Yeni bir CNN Anketi, ABD halkının ülke ekonomisine dair hissiyatının son on yılın en kötü seviyesinde olduğunu ve birçok Amerikalının da kendi yaşamlarında finansal baskı hissettiklerini söylediğini ortaya koyuyor. Bu karamsarlık Başkan Joe Biden’a da yansıyor. ABD’li yetişkinlerin çoğu, Biden’ın politikalarının ekonomiye zarar verdiğini söylüyor ve her 10 kişiden 8’i hükümetin enflasyonla mücadele için yeterince çaba göstermediğini belirtiyor. Ekonomik karamsarlık en çok Cumhuriyetçi Parti içinde telaffuz edilse de bütün siyasi görüş mensuplarını kapsıyor. Cumhuriyetçilerin neredeyse yüzde 94’ü, bağımsızların yüzde 81’i ve Demokratların yüzde 54’ü ABD’deki mevcut ekonomik koşulları kötü olarak değerlendiriyor.

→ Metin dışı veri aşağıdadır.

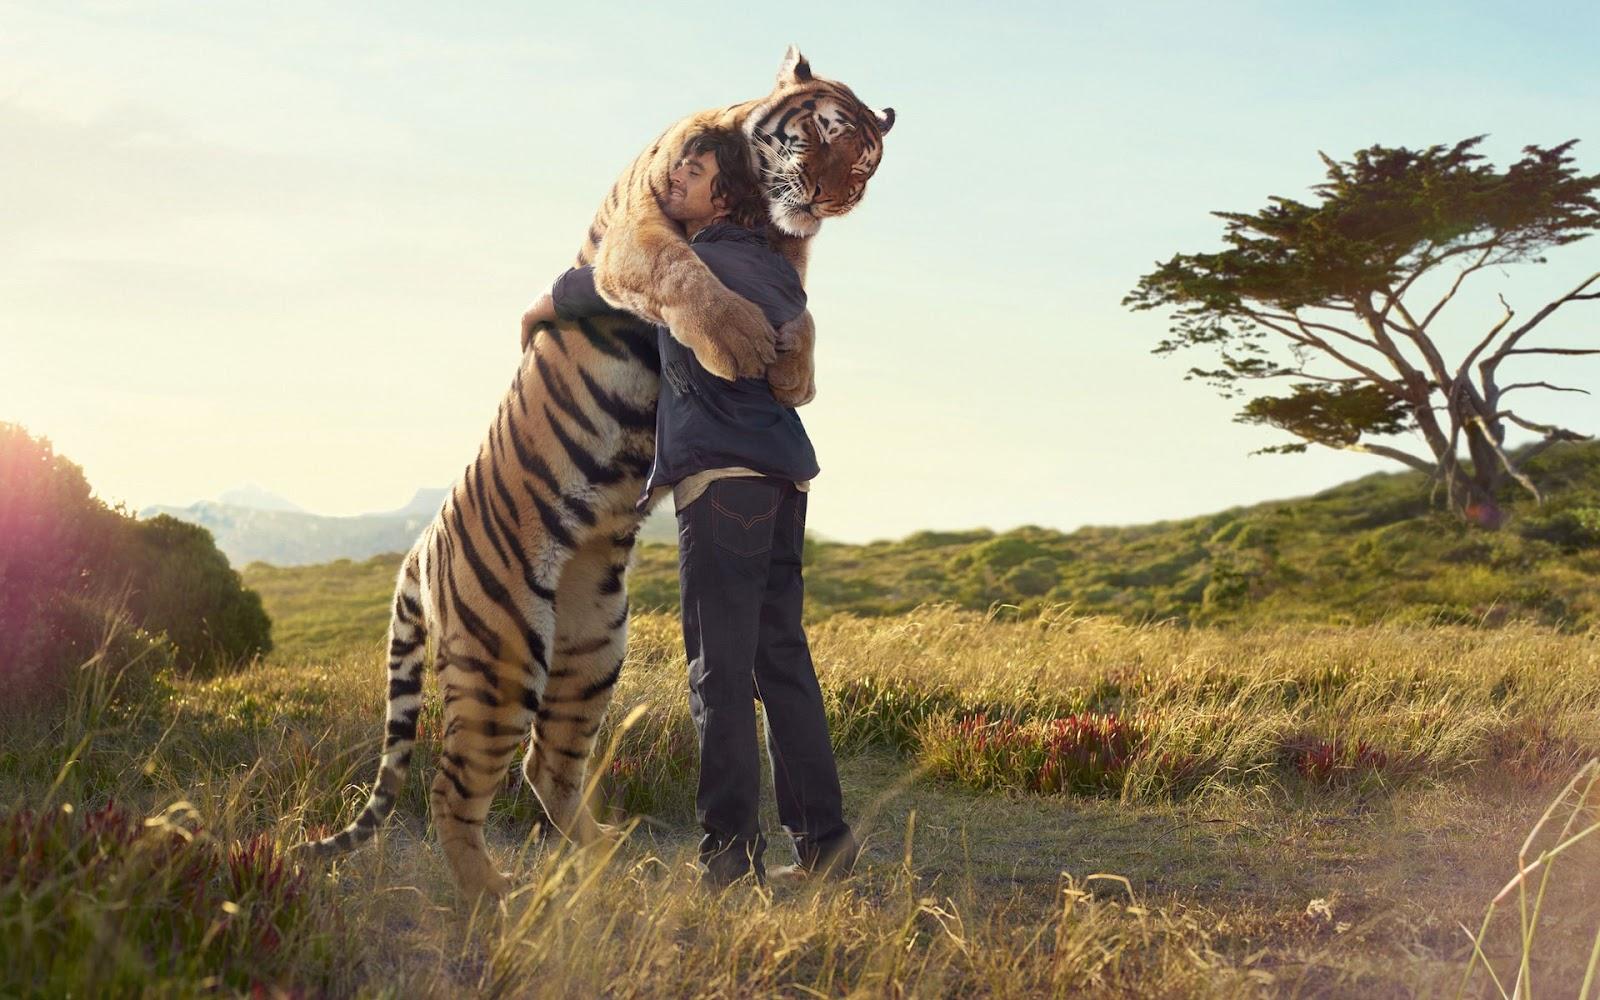 http://3.bp.blogspot.com/-gpReBM7QEzM/UGYsmyEh8TI/AAAAAAAAE5Q/5YARCz3OcCI/s1600/Man-Hugging-Tiger-Wild-Life-HD-Wallpaper--NatureWallBase.Blogspot.Com.jpg

Ara dönem Kongre seçimlerinden altı ay önce ekonomi üzerindeki tartışmayı rakiplerinin aleyhine çevirmeye çalışan Biden ve yardımcıları ise Cumhuriyetçilerden gelen “aşırı” politika fikirlerinin enflasyonu daha iyi değil daha da kötüye götüreceği konusunda ısrarcılar. Mevcut yol haritasını savunan Biden kendi planının enflasyonla mücadele ettiğini, çalışan ailelerin maliyetlerini düşürdüğünü, işçilere hak ettikleri zamları verdiğini, büyük şirketler ile en zengin Amerikalıların vergi ödemelerini sağlayarak ekonomiyi büyüttüğünü iddia etti. Diğer ekonomik göstergelerle birlikte ev satın alma faiz oranlarının da 40 yıllık tarihi zirvelere ulaşması ev sahibi olmayı zorlaştırarak önümüzdeki ara seçimlerde Biden’ın ve Demokrat Parti’nin desteğini zayıflatan bir etki yaratıyor.